What needs to be done: Using the data below, reproduce exactly the lines from the line with "Clinique Superfine Liner For Brows 02" to the line with "Beyond Single Member", both included; pictures must be dropped.

Provided material:
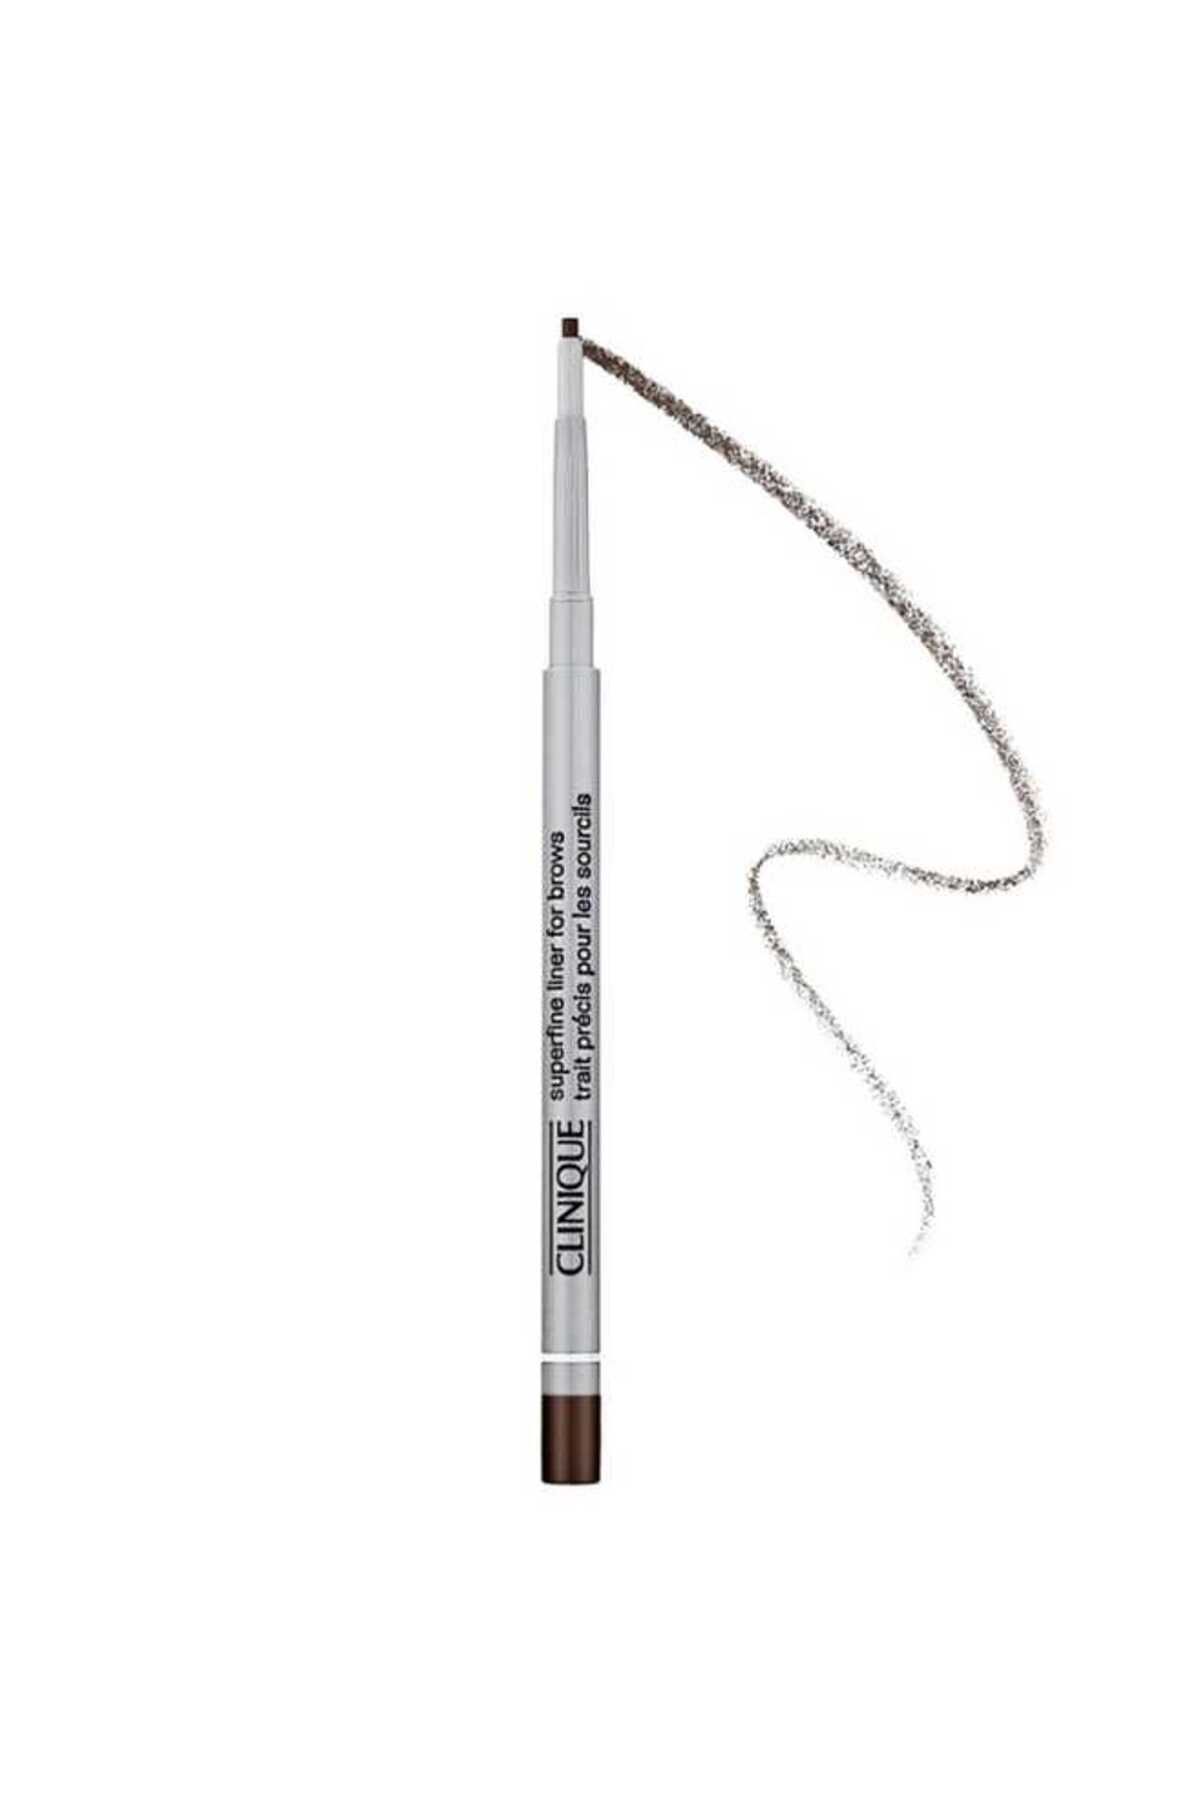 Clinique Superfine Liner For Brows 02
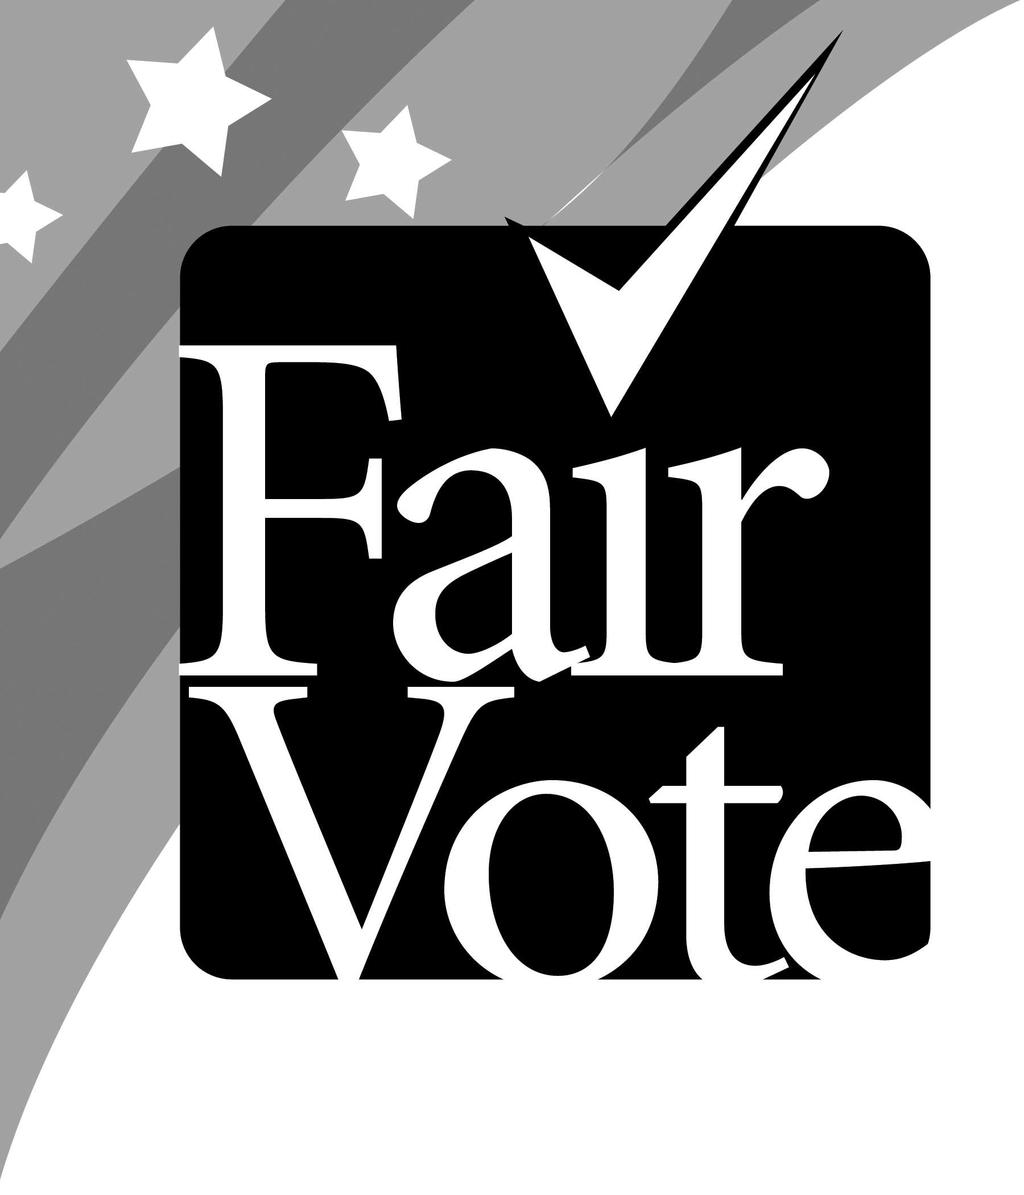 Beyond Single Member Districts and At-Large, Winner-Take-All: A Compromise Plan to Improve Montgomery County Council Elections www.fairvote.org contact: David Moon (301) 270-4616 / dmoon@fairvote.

* * *

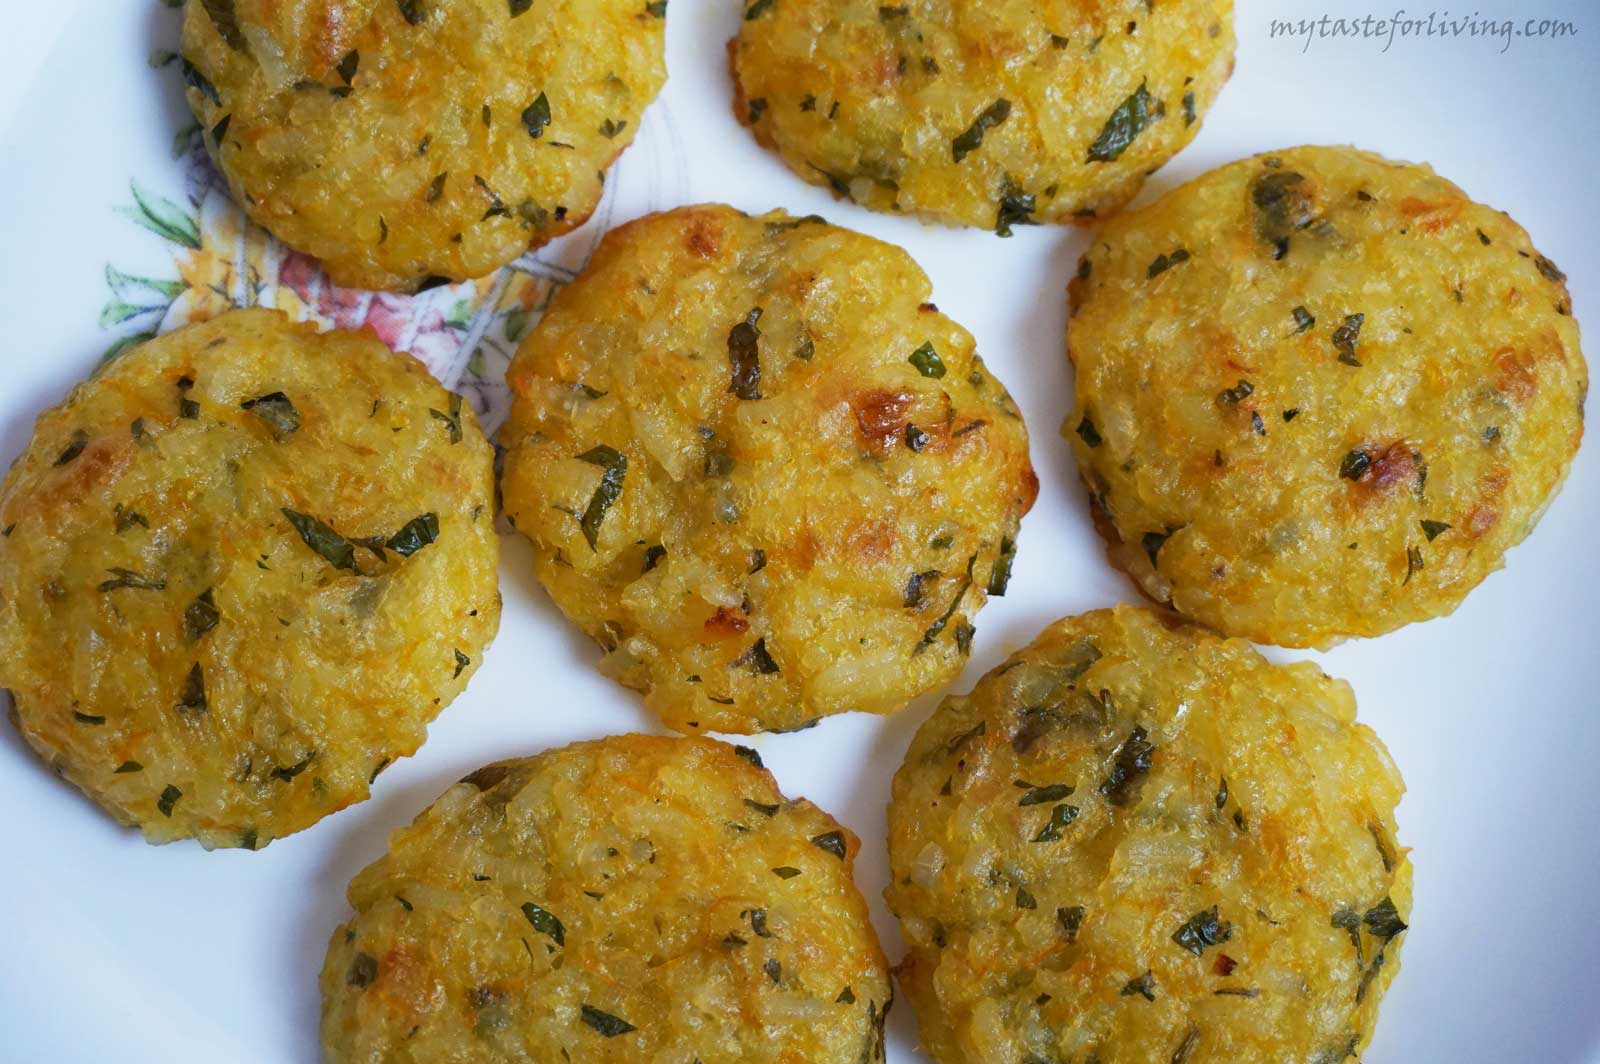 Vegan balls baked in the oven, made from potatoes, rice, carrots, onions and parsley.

Solution below:
 Clinique Superfine Liner For Brows 02
 Beyond Single Member Districts and At-Large, Winner-Take-All: A Compromise Plan to Improve Montgomery County Council Elections www.fairvote.org contact: David Moon (301) 270-4616 / dmoon@fairvote.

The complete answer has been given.